• [Problem statement]
Exactly the lines from the one containing "Animal print" to the final line below should be output, and no others.

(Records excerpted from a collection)
········
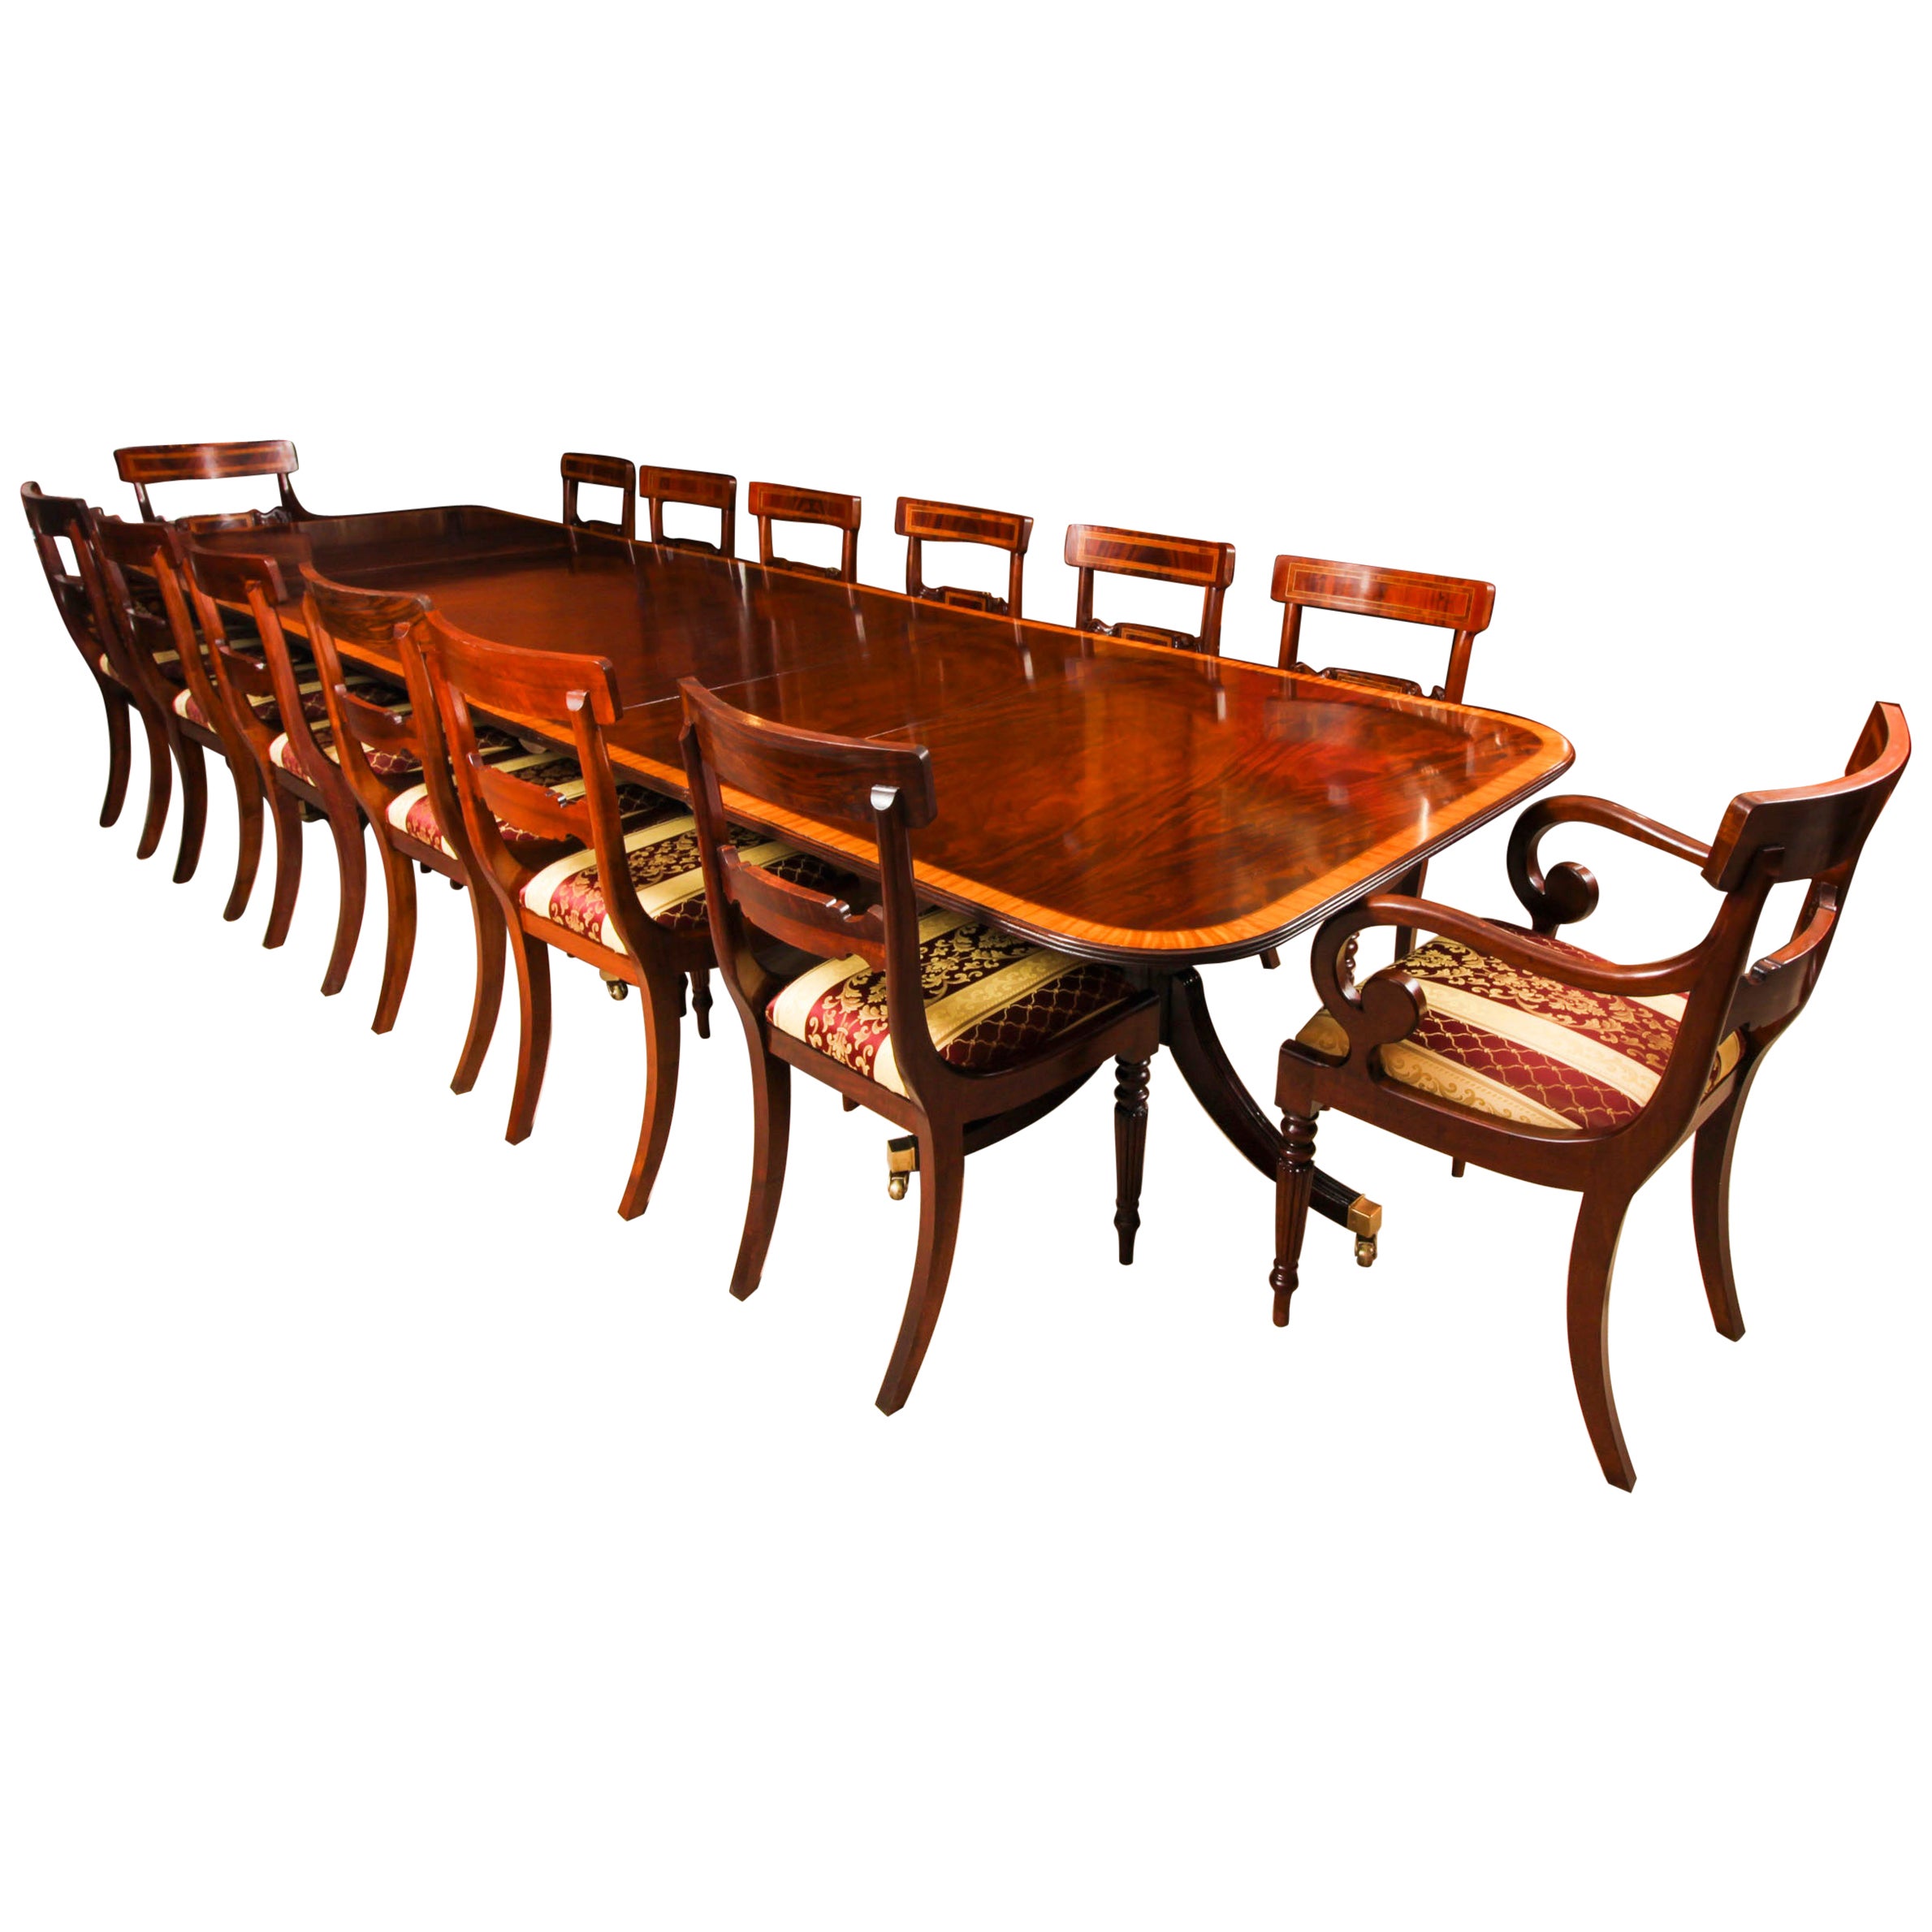 Vintage 13ft Three Pillar Mahogany Dining Table with 14 Chairs 20th C
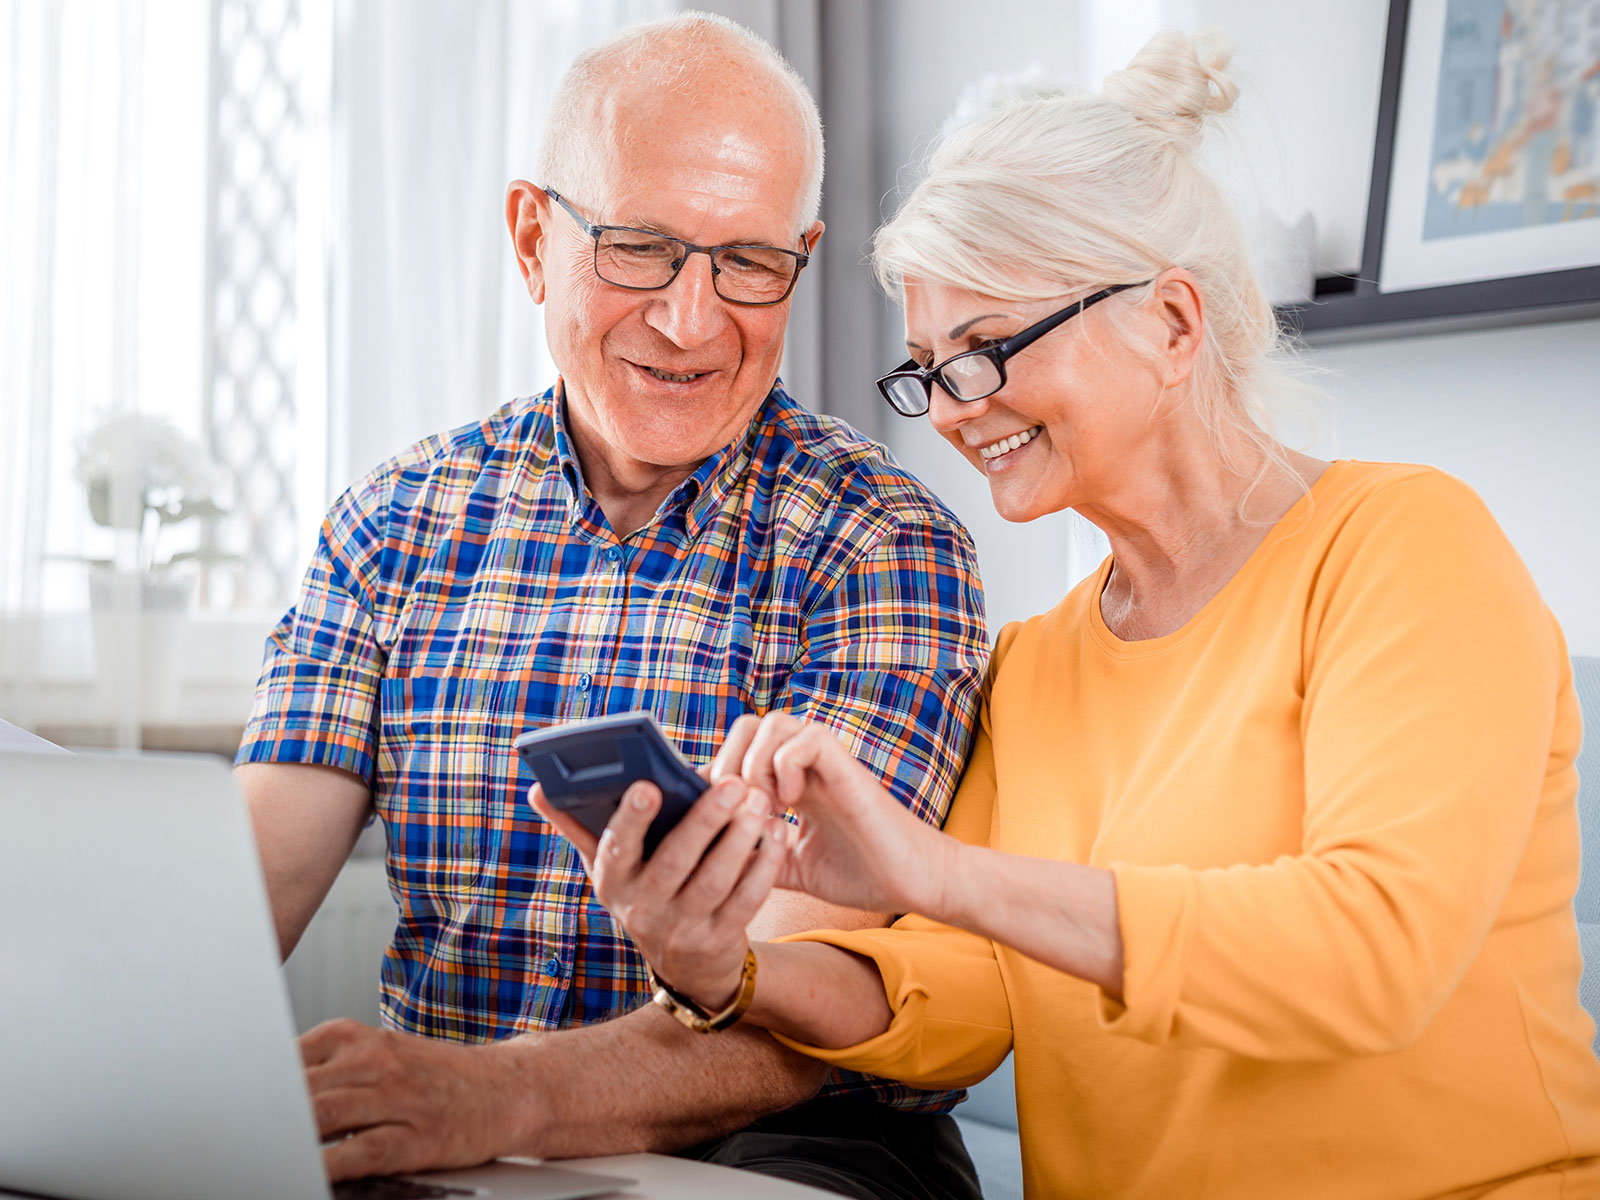 Elderly man and woman using a computer and smartphone.
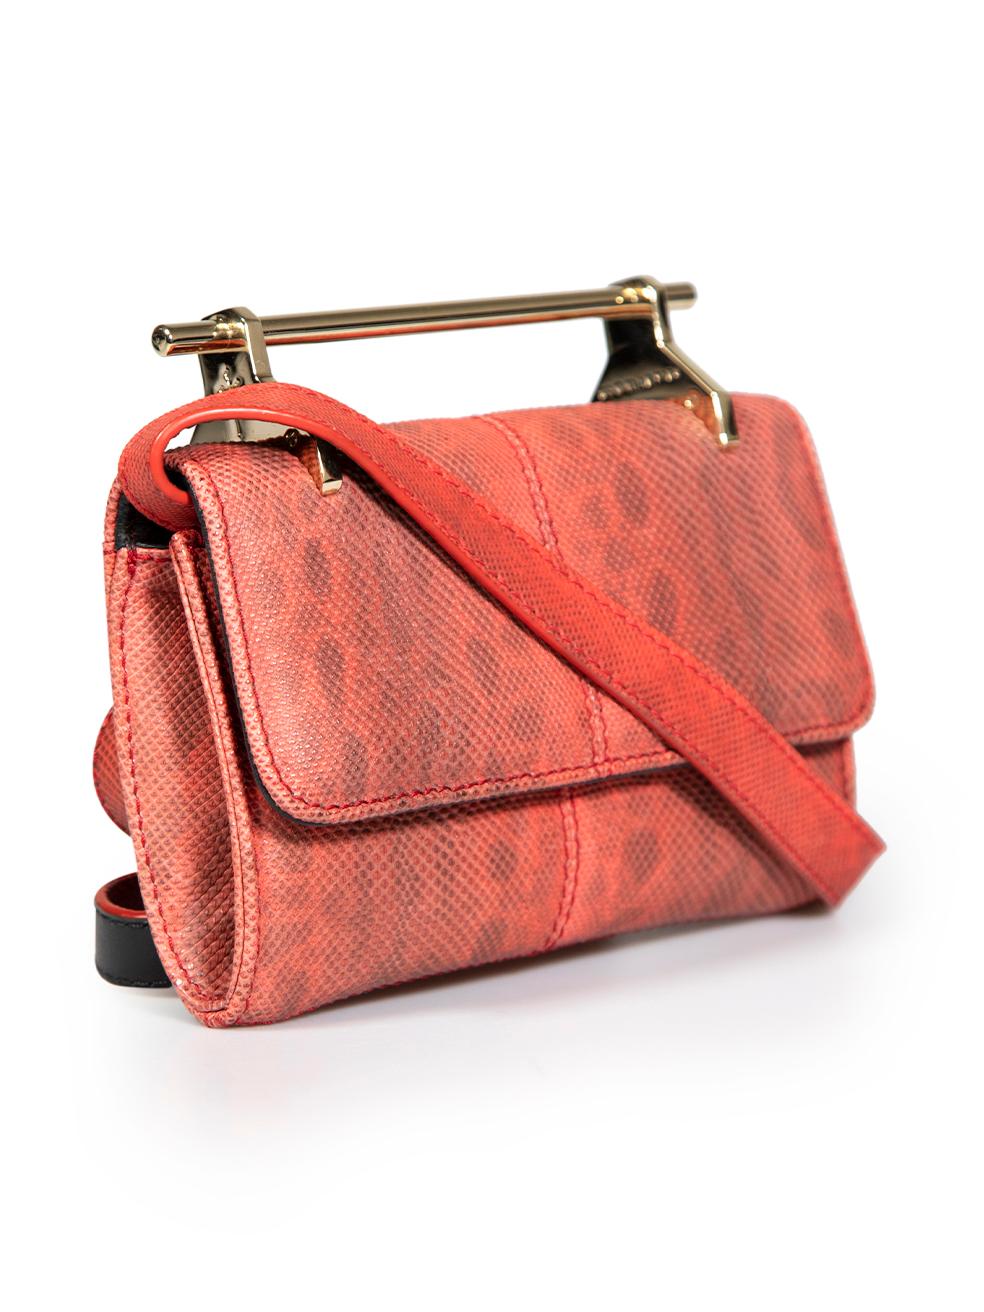 CONDITION is Very good. Minimal wear to bag is evident. Tarnishing to metal hardware on this used M2Malletier designer resale item.
 
 
 
 Details
 
 
 Red
 
 Leather
 
 Mini top handle bag
 
 Animal print
 
 Lizard embossed
 
 Gold tone hardware
········
• [Solution]
 Animal print
 
 Lizard embossed
 
 Gold tone hardware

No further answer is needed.